Psycholinguistic processes
One way to interpret the results is to consider whether phonological processing plays a role in the production effect. Reading in a second language may have involved transforming written words (orthographic form) into the corresponding phonemes (sounds) and then into meaning (semantics), while reading in a first language may have involved associating written words directly with their meaning (Coltheart et al., 2001; Jobard et al., 2003; Seidenberg, 2005; Seidenberg & McClelland, 1989). Some evidence suggests that sound-meaning associations may be utilized less with greater reading experience (Wise Younger et al., 2017). In early childhood, phonological abilities and activation in regions implicated in phonological processing (e.g., inferior parietal regions) were associated with later orthographic abilities (Sprenger-Charolles et al., 2003) and reading improvements (Wise Younger et al., 2017). Adults learning a second language also showed inferior parietal activation, which additionally correlated with proficiency gains (Barbeau et al., 2017). Unbalanced bilinguals showed greater activation in brain regions involved in articulation and orthographic-phonological associations (inferior frontal gyrus, premotor cortex, fusiform gyrus) when reading out loud in their second language compared to their first language (Berken et al., 2015). If reading in a second language relies more on phonological processing than in a first language, articulating L2 words might prime phonological associations, which may increase the production effect. However, from this perspective one could also assume that articulation is redundant to phonological processing in a second language and thus may not offer a novel encoding process.
Contrary to the notion that phonological processing may decrease when reading in a first language, some evidence suggests that skilled readers are influenced by phonological features of words (Van Orden, 1987). If we assume then that reading in a first language could utilize phonological processing to an equal or even greater extent than a second language, we could suppose that articulation offers a unique or non-redundant form of processing to L2 reading that in turn benefits encoding. Thus, remaining questions include: (1) the degree to which a second language relies on phonological processing, (2) whether articulation complements or primes phonological codes, and (3) whether phonology contributes to the production effect. To date there is some evidence to support a role of phonological processing in the production effect. An fMRI study showed that speaking words aloud at encoding increased response in both somatosensory and auditory regions (e.g., planum temporale) implicated in phonological processing, compared to either silently reading or speaking aloud a control word (“check”), and these regions correlated with improved recollection (Bailey et al., 2021). At the same time, a recent study found little to no modulation of the production effect when phonologically similar distractors were present at recognition (Fawcett et al., 2022). Further work will be needed to answer these questions.
Domain-general processes
Another way to interpret the results is to consider the role of domain-general processes, for example the cognitive control requirements of articulating in one’s first versus second language. One possibility is that reading or remembering words in a second language is less demanding compared to a first language. Some research suggests that recognition accuracy is higher for words in a second language compared to a first language (Durgunoǧlu & Roediger, 1987; Francis et al., 2018; Francis & Gutiérrez, 2012), which we replicated as main effects in the current study. It was proposed that L2 words may be less susceptible to contextual or semantic competition during memory retrieval. A similar interpretation has been used to explain superior recognition of low-frequency compared to high-frequency words (Francis & Strobach, 2013). If we apply this interpretation to the current findings, we still need to explain the increased production effect in a second language, thus an additional mnemonic process would need to be assumed.

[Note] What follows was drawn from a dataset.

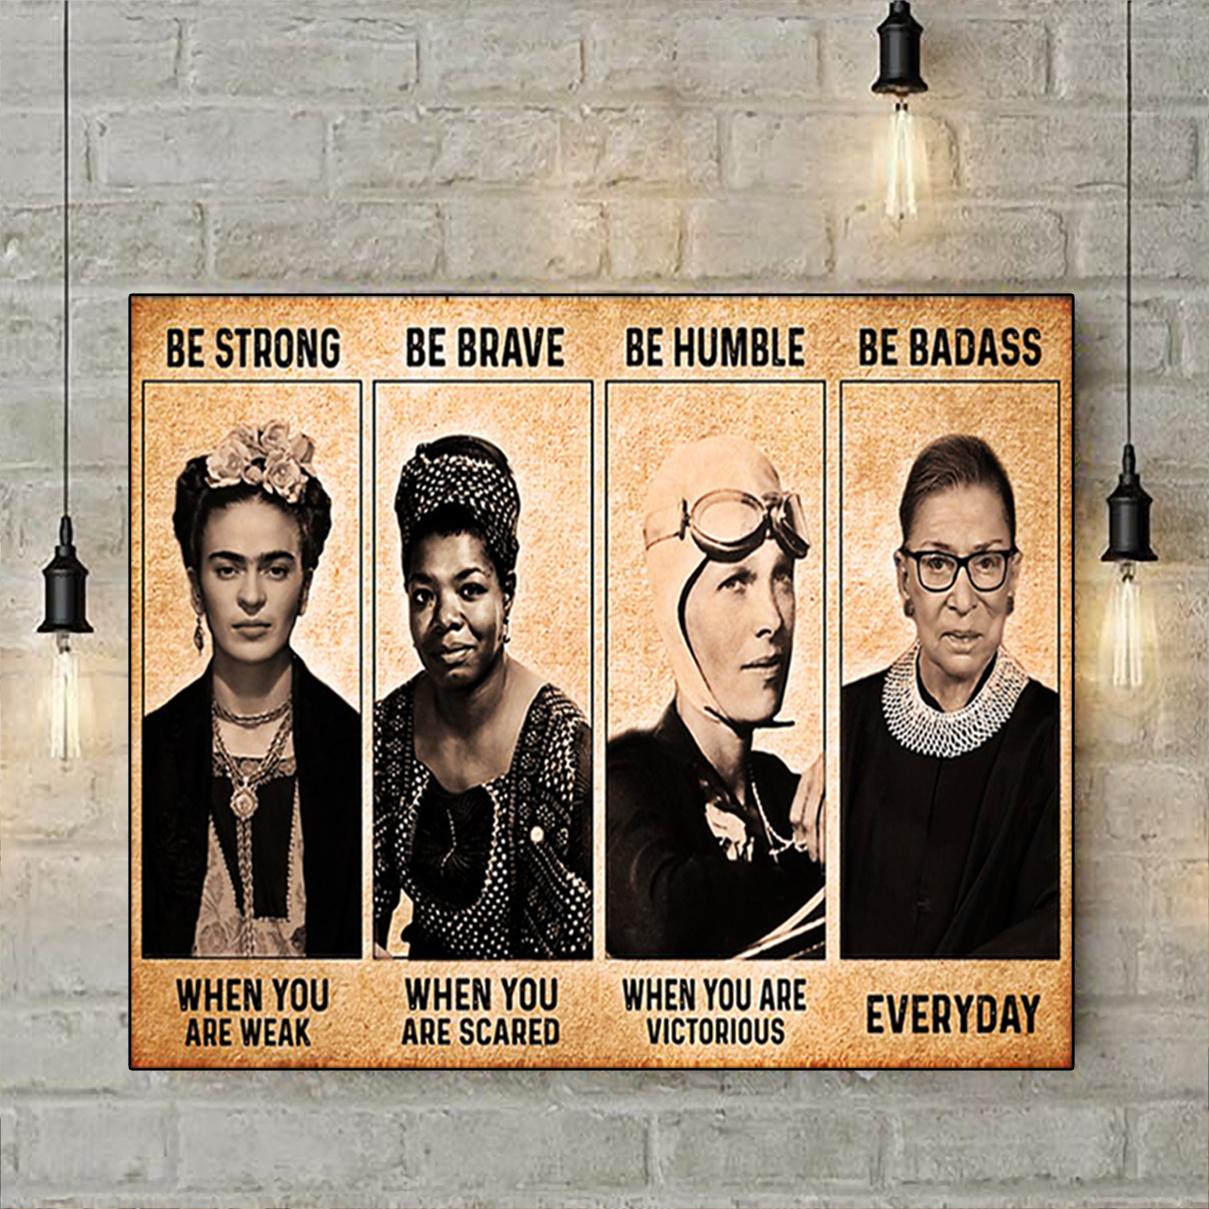 Frida Kahlo Maya Angelou Amelia Earhart Ruth Bader Ginsburg Feminist Be strong be brave poster

Additionally, speaking out loud in a second language may be more demanding than speaking out loud in a first language, which may lead to a memory advantage. For instance, the desirable difficulty perspective posits that learning outcomes should improve when greater cognitive effort is applied at encoding, provided that the learning task is not overly challenging (Bjork & Bjork, 2019, 2020; Eskenazi & Nix, 2021). Consistent with this idea, the production effect was amplified when participants spoke words out loud following a short retention delay after reading the words (Mama & Icht, 2018). Delayed vocal production at encoding resulted in greater recall accuracy compared to both silent reading and immediate vocal production at encoding. Additionally, delayed vocal production resulted in greater recall accuracy when the word was presented only once before delayed production, compared to when the word was presented again (unpredictably) at production. The authors attributed recall improvements to the increased difficulty of encoding items by both reading and maintaining items in working memory, compared to only reading (Mama & Icht, 2018). According to this perspective, speaking in a second language may have improved recognition memory due to its difficulty relative to speaking in a first language or reading silently in a second language. Further work is needed to clarify the processes (e.g., arousal) that contribute to memory-enhancing difficulty.
One possibility is that increased attention to L2 words at encoding improved later retention, particularly when they were spoken. For example, word recall improved when participants made more errors while pronouncing words at encoding, which may have led to increased attentional monitoring (Phaf & Wolters, 1993). Other work suggested that the production effect may decrease in the presence of distraction: the production effect failed to be detected when amplitude-fluctuating background noise or background speech was presented during encoding by reading aloud or silently, but the effect remained in the presence of steady-state background noise (Mama et al., 2018). In the current study, it could be that L2 words increased attention when they were spoken, compared to silently reading them or compared to speaking L1 words. Further work would be required to clarify when and how attention is engaged during the process of speaking in a second language. Speaking may increase the salience of L2 words, if, for example, articulation or auditory feedback captures (orients) attention. Speaking in a second language may additionally increase the monitoring of speech output (e.g., Phaf & Wolters, 1993). Additionally, attention may be engaged prior to speaking. Recent work examining electrophysiological signatures of the production effect showed a P3b response increase during encoding when participants saw the instruction to speak out loud (prior to speaking), compared to seeing the instruction to remain silent (Hassall et al., 2016; Zhang et al., 2023) or to say a control word (“check”) (Zhang et al., 2023). The authors suggested that speech preparation, involving attention or other preparatory processes, may play a role in the production effect (Zhang et al., 2023). It would be interesting to see if these findings extend to a second language.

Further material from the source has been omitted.